# What do these puppies look like?



## Yenko (May 13, 2011)

Are they sable or what coat color do they look like?


----------



## Rerun (Feb 27, 2006)

The five in the middle are sable, the one on the far left and the one on the bottom far right may be black and tan's. The one in the very back has a bit of an un-GSD like head to me, and the on just above the black and tan on the bottom right has an odd stripe down it's face. 

Where are these pups advertised? Are they at a reputable breeder or a rescue or....?


----------



## Yenko (May 13, 2011)

Thanks  and I was wondering because Yenko's the one on the bottom right facing the opposite direction. And I was wondering since Yenko has sable brothers & sisters can he be a little sable too? 










On his thigh his color is changing or is that normal?
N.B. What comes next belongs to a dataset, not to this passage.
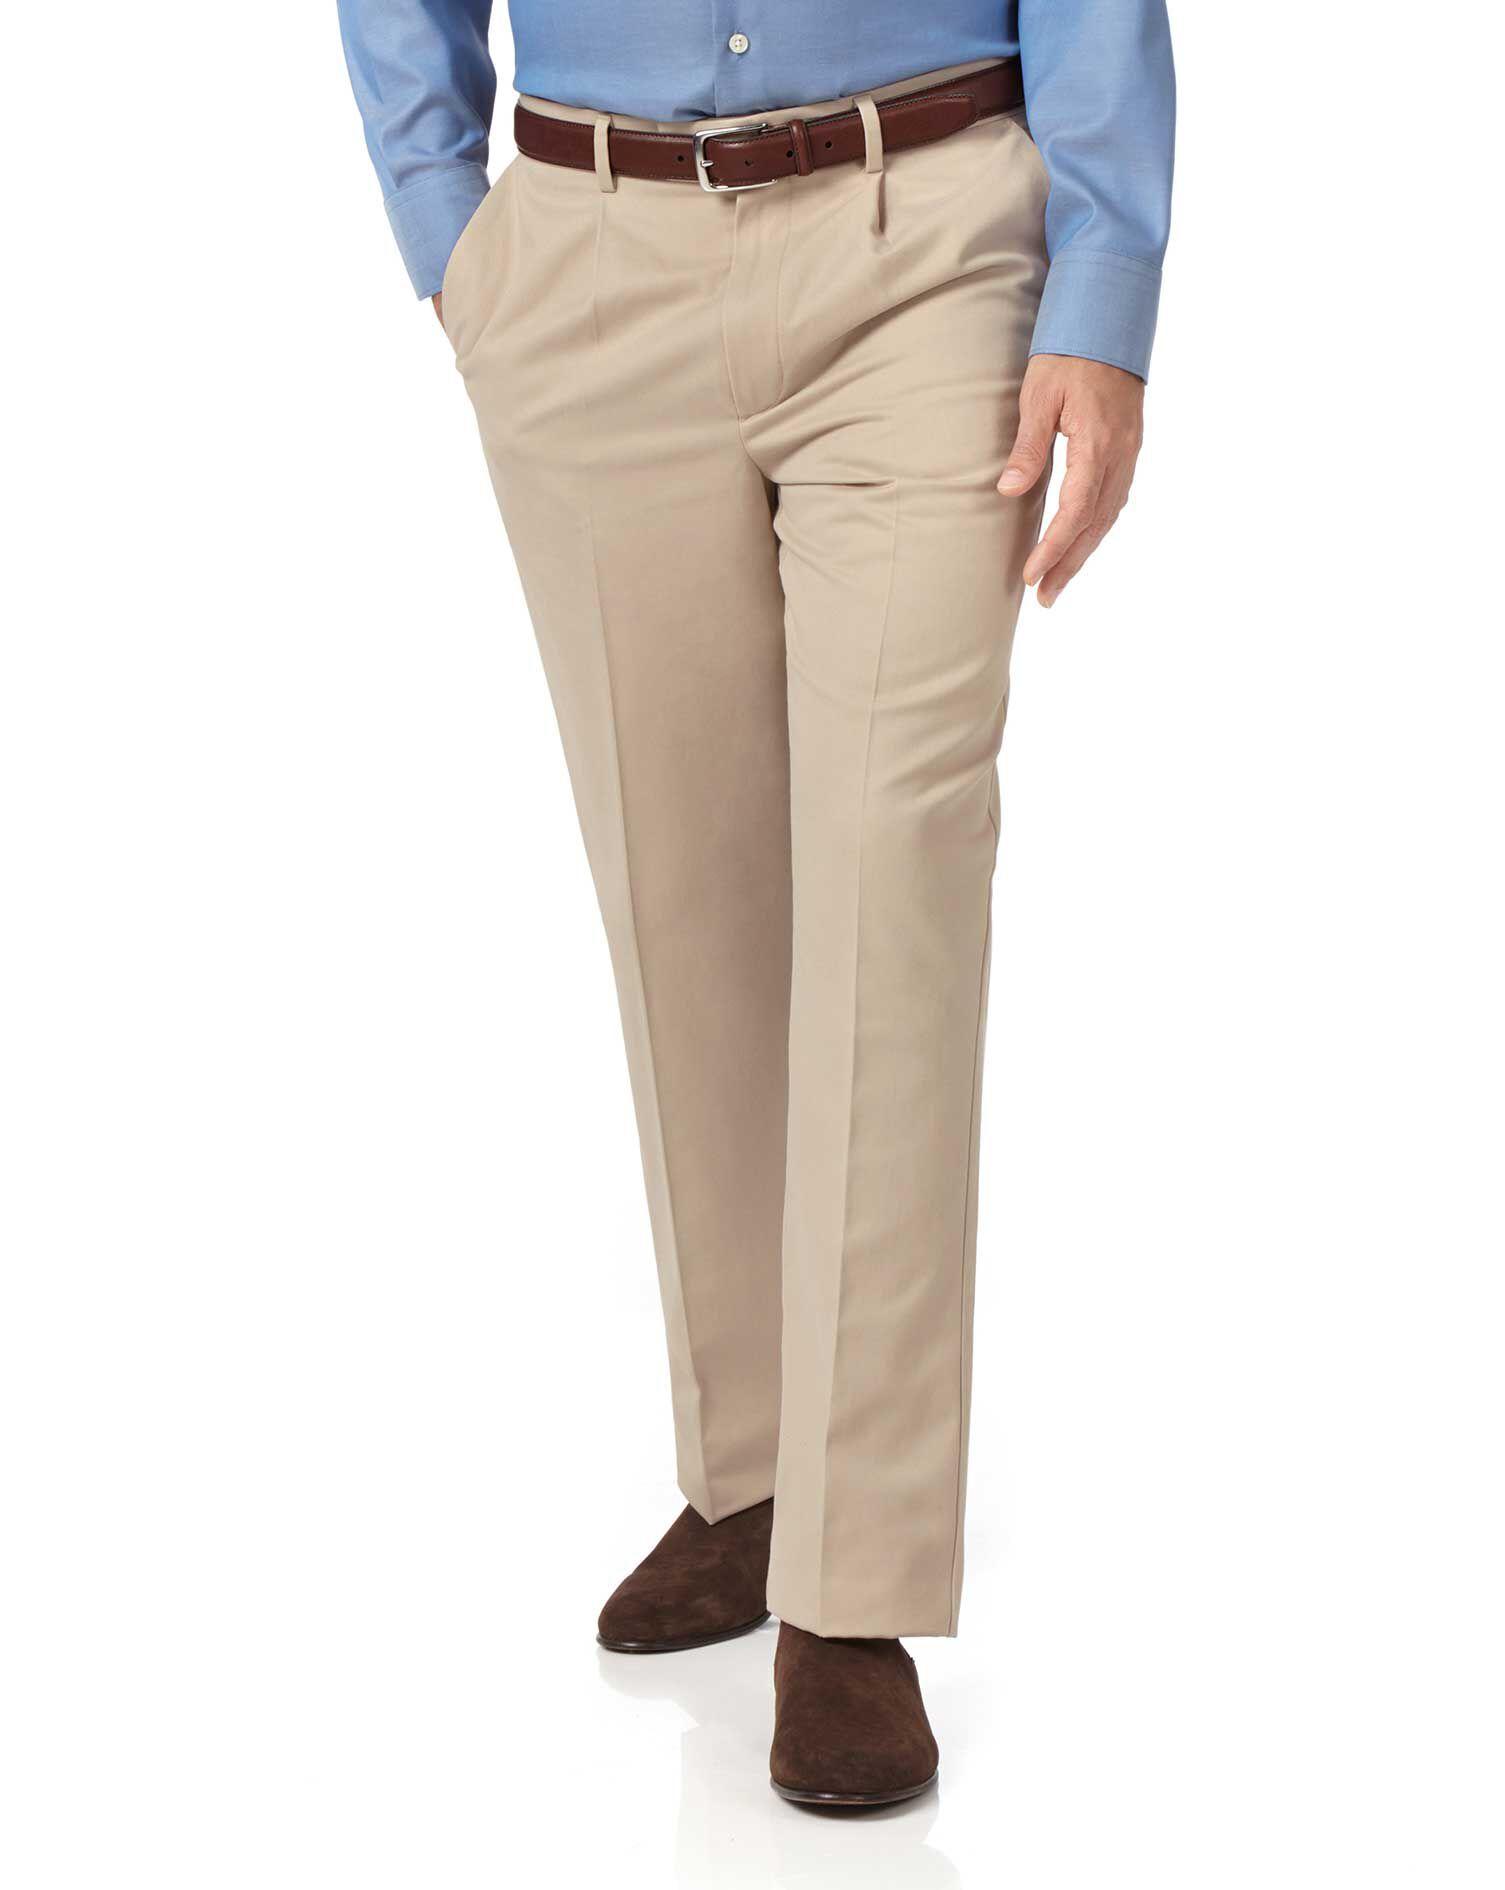 Pantalons Pantalons Sans Tyrwhitt Sans RepassageCharles Pantalons Chino RepassageCharles Chino Tyrwhitt bfY7gy6v

Oh and I got him from Craigslist the lady said his mom is a PB German Shepherd and his dad a German Shepherd mixed with something else.


----------



## CLARKE-DUNCAN (Apr 8, 2011)

Looking at the picture it looks like four of them are sable going by what I can see in the photo, their heads are silvery coloured and the other two look black/tan..Have you got any bigger pics?


----------



## Yenko (May 13, 2011)

Sorry I don't, that's the only picture I got from the lady, that shows all the puppies.


----------



## vomlittlehaus (Aug 24, 2010)

It is normal for a GSD to change its coat color throughout its life. Some have little change others have significant changes. Sables are known for changing their coat color with every season. With that high percentage of GSD in the blood, 75% or so, he looks very GSD. Just depends on how the chromosomes paired up at fertilization.


----------



## Rerun (Feb 27, 2006)

Yenko said:


> Thanks  and I was wondering because Yenko's the one on the bottom right facing the opposite direction. And I was wondering since Yenko has sable brothers & sisters can he be a little sable too?
> 
> 
> 
> ...


 
No,  he can't be a sable too, just because his siblings are sable. He's a black and tan. Think of it like this - you have blonde hair, your siblings have brown. Your hair is blonde no matter how brown theirs is.  He will continue to change color and get lighter for the first couple of years. Black and tans are born much darker than they end up.


----------



## Yenko (May 13, 2011)

Ok thanks, and do you know at what age will he have his permanent coat color? Or will it change all the time?


----------



## Rerun (Feb 27, 2006)

He'll have his adult coloring around 1 1/2 to 2 years.


----------



## Yenko (May 13, 2011)

A'right so I'll find out till then


----------